Before running this notebook, you should create a dedicated virtual environment and install the project’s required Python packages. Open a terminal, cd into the final_project folder, and run the command below as a single line:

%%bash
python3 -m venv .venv && source .venv/bin/activate && pip install -r requirements.txt 

## Import Packages: 
The first step is to import the necessary Python packages for data manipulation and visualization. See the cell below:

In [1]:
import pandas as pd
import re
import seaborn as sns
import matplotlib.pyplot as plt
import matplotlib.font_manager as fm
import math
import os

## Load Data:
Next, we load the data into the file, and create a new dataframe with only the columns we need for our analysis.
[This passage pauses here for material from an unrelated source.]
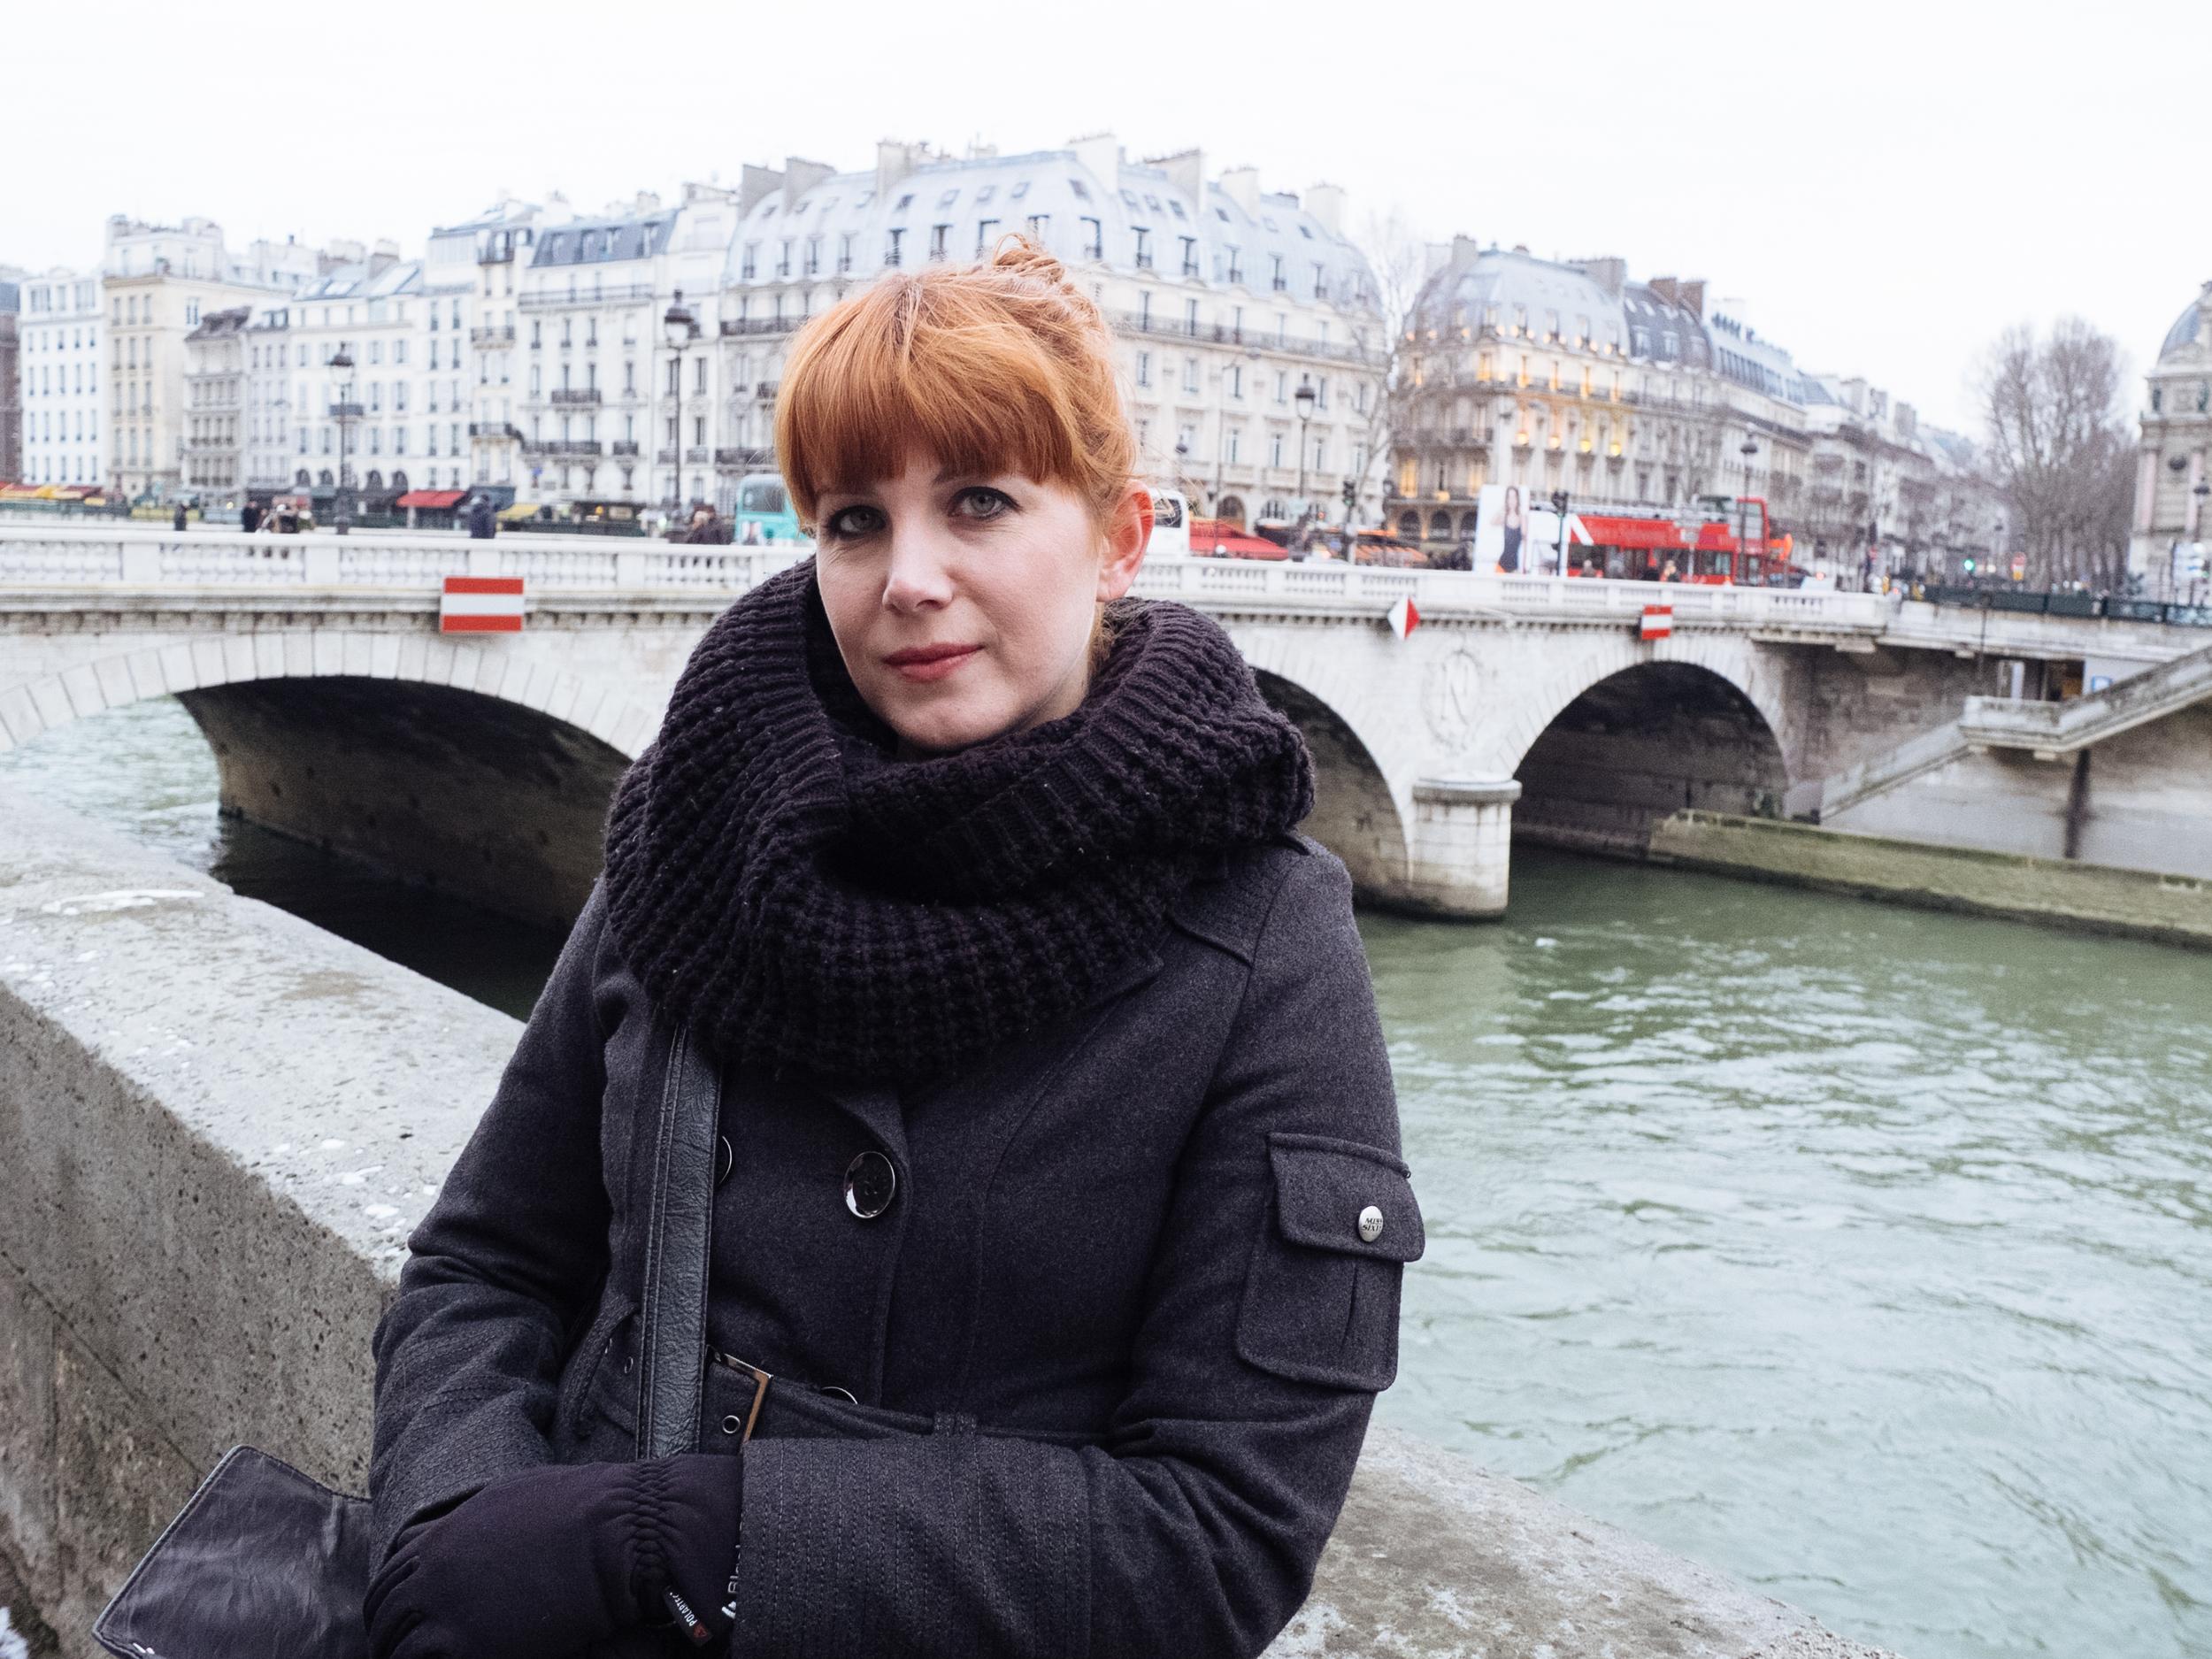 paris-0073.jpg

We then convert the genre column to strings and map Spotify’s numeric key values (0–11) into readable note names.

In [2]:
# =========================================================
# 1) LOAD DATA 
# =========================================================
df = pd.read_csv("../Spotify_Song_Attributes.csv")

# Keep only what we need for this infographic
df_small = df[["genre", "key"]].copy()
df_small["genre"] = df_small["genre"].astype(str)

# Map Spotify "key" integers (0–11) to note names
key_map = {
    0: "C", 1: "C#", 2: "D", 3: "D#", 4: "E", 5: "F",
    6: "F#", 7: "G", 8: "G#", 9: "A", 10: "A#", 11: "B"
}
df_small["key_note"] = df_small["key"].map(key_map)
key_order = list(key_map.values())

df_small = df_small[["genre", "key_note"]].copy()

## Examine Data Features
With the data fully loaded, we can examine the features of the original data set as well as the adapted dataset to understand their structure and contents,. Note that this code is not included in the original code file, but has been added to this notebook as it is useful for understanding the data.

In [3]:
COLS1 = pd.DataFrame(index=df.columns)
COLS1.index.name = "col_id"

COLS1["dtypes"] = df.dtypes.astype(str)
COLS1["n_unique"] = df.nunique(dropna=True)
COLS1["tot_observations"] = len(df)

COLS1


Unnamed: 0_level_0,dtypes,n_unique,tot_observations
col_id,Unnamed: 1_level_1,Unnamed: 2_level_1,Unnamed: 3_level_1
trackName,object,4815,10080
artistName,object,2312,10080
msPlayed,int64,4979,10080
genre,object,523,10080
danceability,float64,762,10080
energy,float64,1066,10080
key,float64,12,10080
loudness,float64,3965,10080
mode,float64,2,10080
speechiness,float64,1001,10080


In [4]:
COLS2 = pd.DataFrame(index=df_small.columns)
COLS2.index.name = "col_id"

COLS2["dtypes"] = df_small.dtypes.astype(str)
COLS2["n_unique"] = df_small.nunique(dropna=True)
COLS2["tot_observations"] = len(df_small)

COLS2

Unnamed: 0_level_0,dtypes,n_unique,tot_observations
col_id,Unnamed: 1_level_1,Unnamed: 2_level_1,Unnamed: 3_level_1
genre,object,524,10080
key_note,object,12,10080


The orginial dataset contains 22 features, including identification features such as track name and artist name, as well as musical features such as key, tempo, and danceability. The adapted dataset contains only the genre and key note columns, which are the only features needed for our analysis.

We now have a clean, well-structured dataset ready for analysis in the next notebook.